Теперь я невольно чуть наклонила голову вниз, наслаждаясь осторожной лаской и теплом именно этого мужчины. И продолжала говорить, отвечая на его вопросы:

— Стражи и вампиры, когда столкнулись, драли друг друга так, что кровь и плоть летели кругом. Потом двое из них на меня со всего маху рухнули. Знаешь, я слышала, как хрустят и ломаются мои кости, и больно было… Святые Светлые заступники, мне никогда в жизни не было больно, как тогда. В общем, я кровавое месиво собой представляла, даже удивительно, что выжила.

— И как же ты выжила? — длинные сильные пальцы разминали занемевшие за несколько часов почти неподвижного сидения шейные мышцы.

— Чудом. Не иначе. Я точно умерла в том грязном переулке. Не поверишь, чувствовала, как сердце остановилось, а потом в странном месте оказалась, стоя босиком на снегу.

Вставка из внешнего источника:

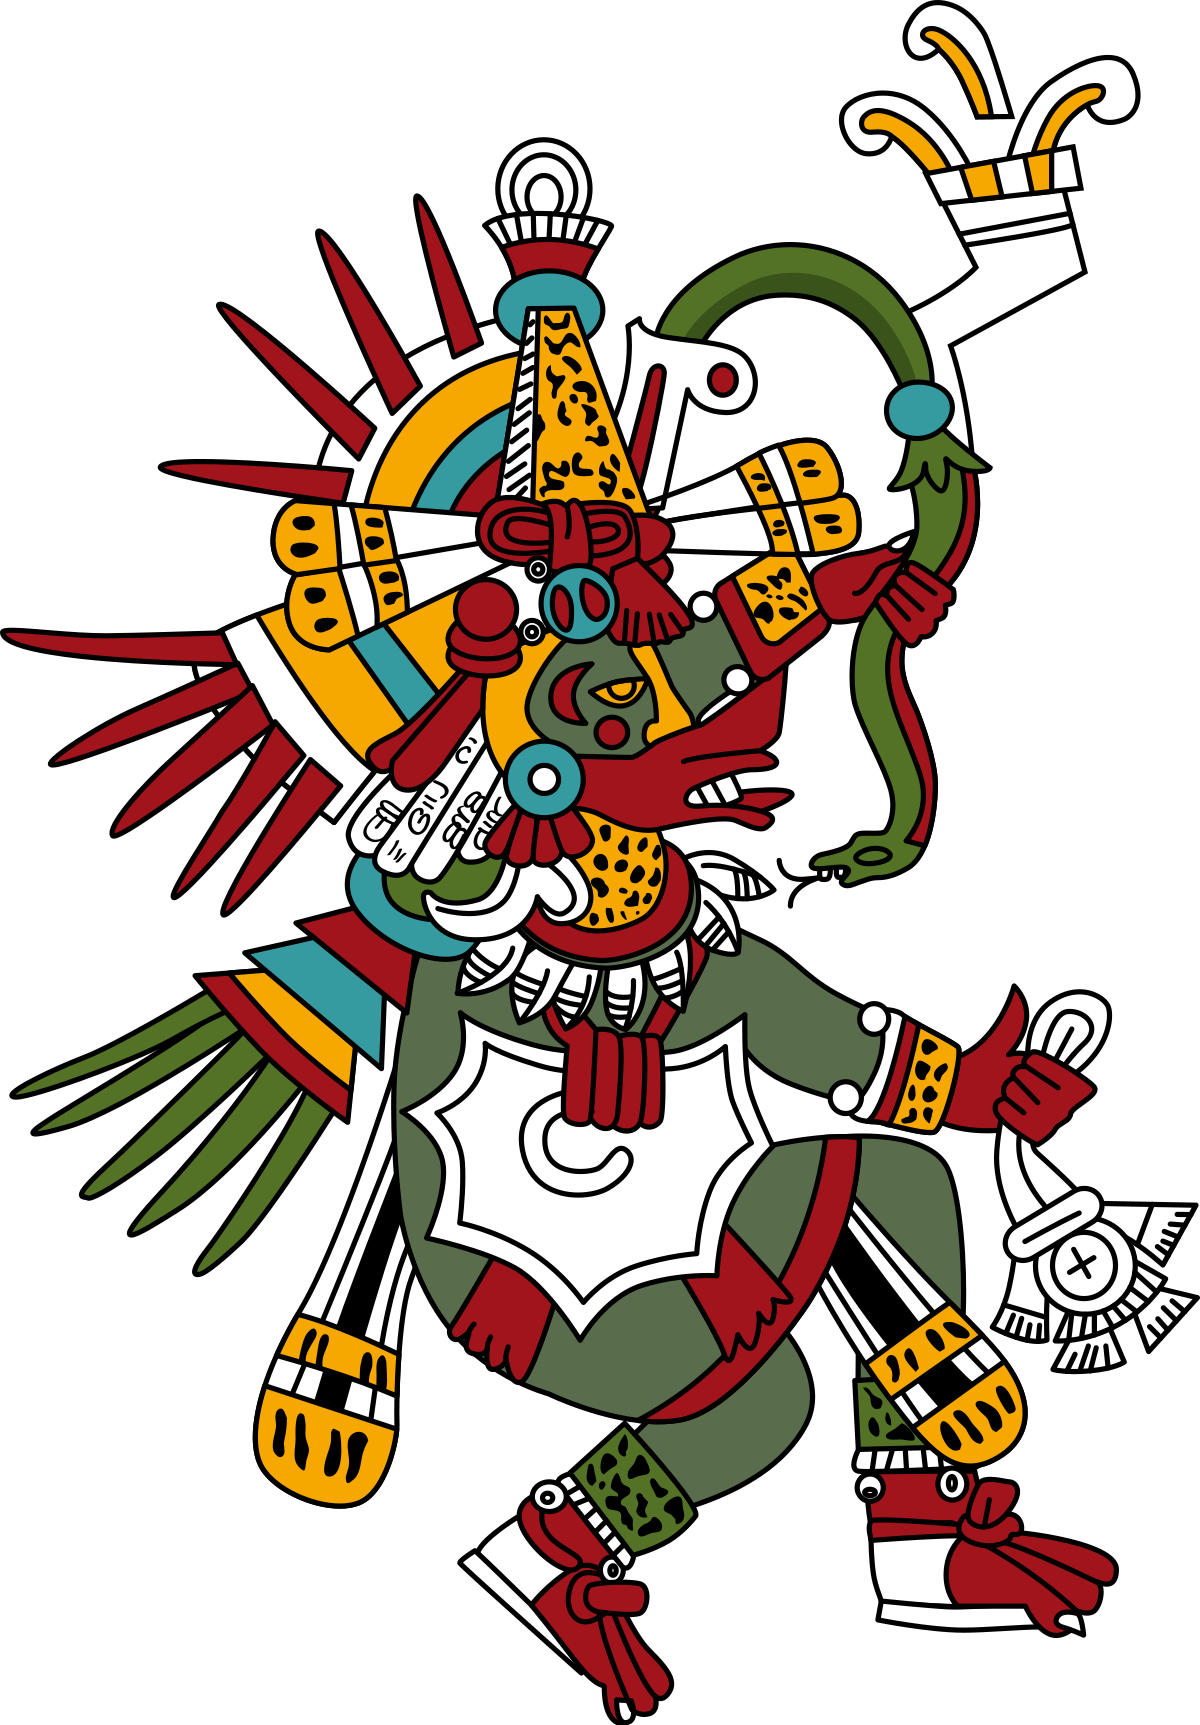 Quetzalcoatl wikipedia . Creation clipart creator god

Вокруг следы разных звериных лап. Страшно. Одиноко. Я выбрала следочки, от которых тепло шло, родное какое-то... Оказалось — рыси.

Я замолчала, наслаждаясь массажем, воспоминания отодвинулись на задний план. Плечи расслабились, шею приятно покалывало, кожа разогрелась, голова отяжелела и склонилась. Внутри завибрировало что-то загадочное, а до моих ушей донеслось тихое рычание. Размякнув от приятных ощущений, я попыталась понять, кто же рычит, потом, вычленив тональность и тембр, поняла, что звуки больше похожи на урчание довольной жизнью кошки. Так наш Яшка урчал, довольный жизнью...

А в следующий момент до меня, наконец, дошло, кто урчит. Я!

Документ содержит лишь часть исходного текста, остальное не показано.